On the Main Slate for the Packers, Adams would be in consideration for me for his role in this offense, but he’s the only player I would have any interest in, and I probably would not play him on a Main Build, as his chances of posting a huge game are slim. Ultimately, the Packers have been more “name” than “production” this year, as a middle-of-the-pack offense now taking on one of the top five or six defensive units in the league. On the Showdown: Rodgers, Adams, and Jones stand out the most, with MVS behind them. Everyone outside these three would be just “guess and hope” plays.
With the Vikings entering a better matchup in this game than what the Packers have on the other side, and with such a narrow distribution of work on this team (Thielen and Diggs ranking first and second in the NFL in targets // Cook playing nearly every snap last week), there is a lot to like about the idea of betting heavily on this side of the ball in the Showdown.
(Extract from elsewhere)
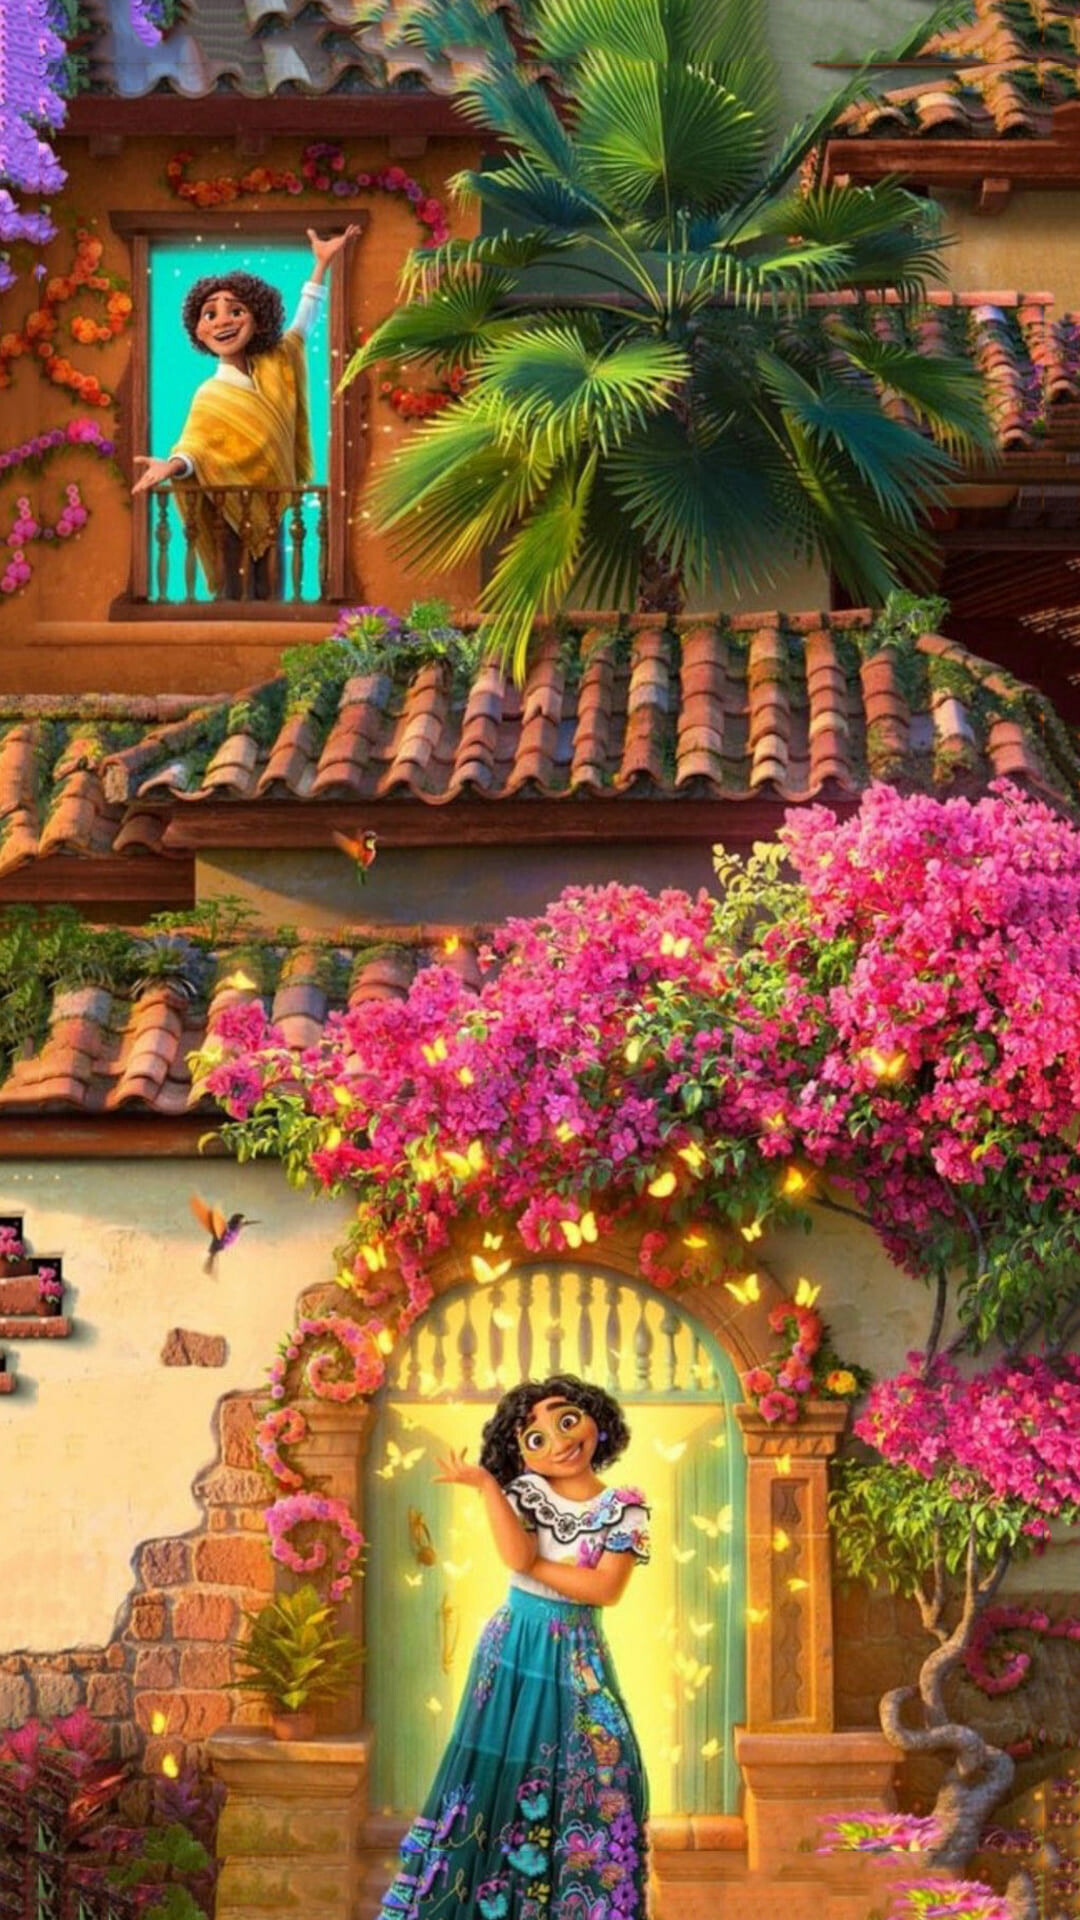 Encanto: The Academy Award nominee for Best Animated Feature Film. 1080x1920 Full HD Background.
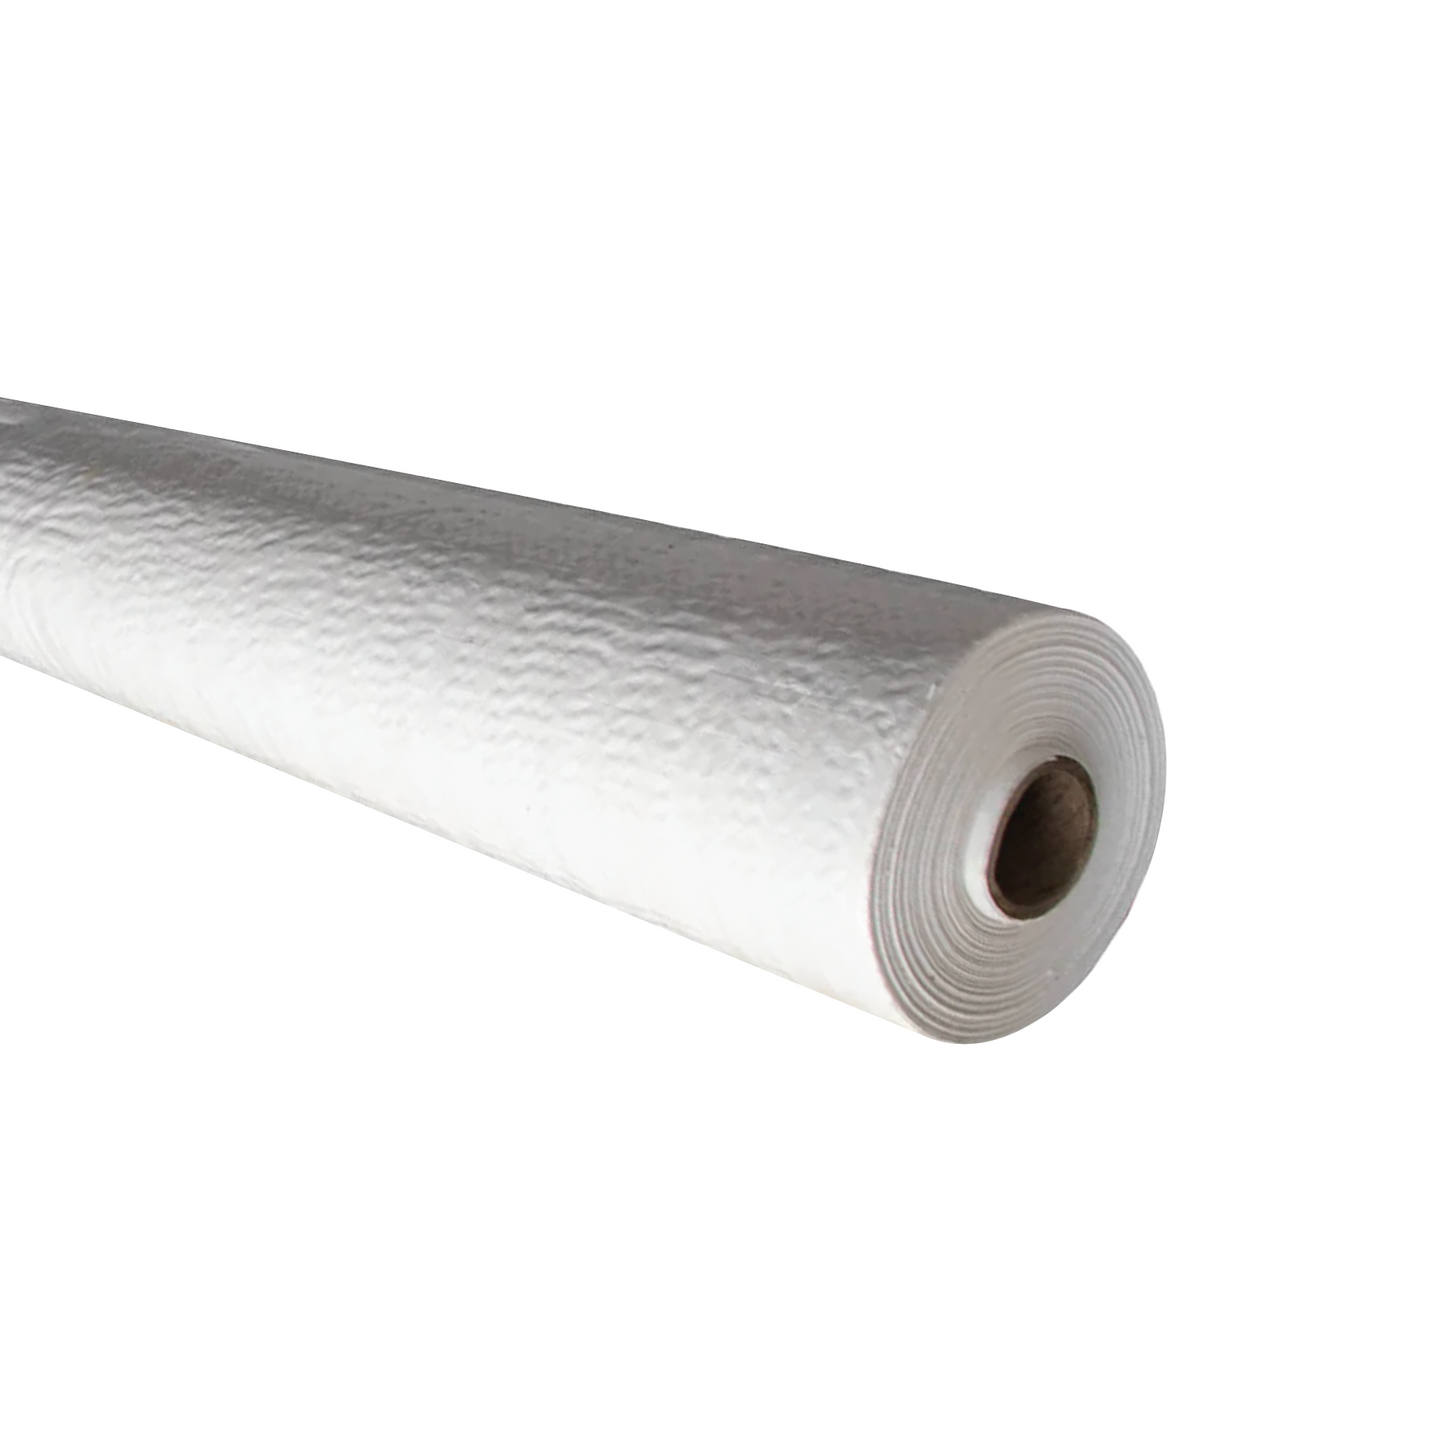 Polyweave Protection Cover Roll - 13Kg, 1.83m x 100m (thickness: 80gsm)

All three of these guys would be in tourney consideration for me on the Main Slate (with Thielen and possibly even Cook in the Main Build conversation), while these three stand out on the Showdown — joining Adams as my favorite plays on the slate among skill position players.
Cousins should be able to post a solid score in the Showdown.
It won’t be surprising if one of these defenses creates a splash play, but otherwise neither stands out.
The kickers (as always) are in play on the Showdown slate as well.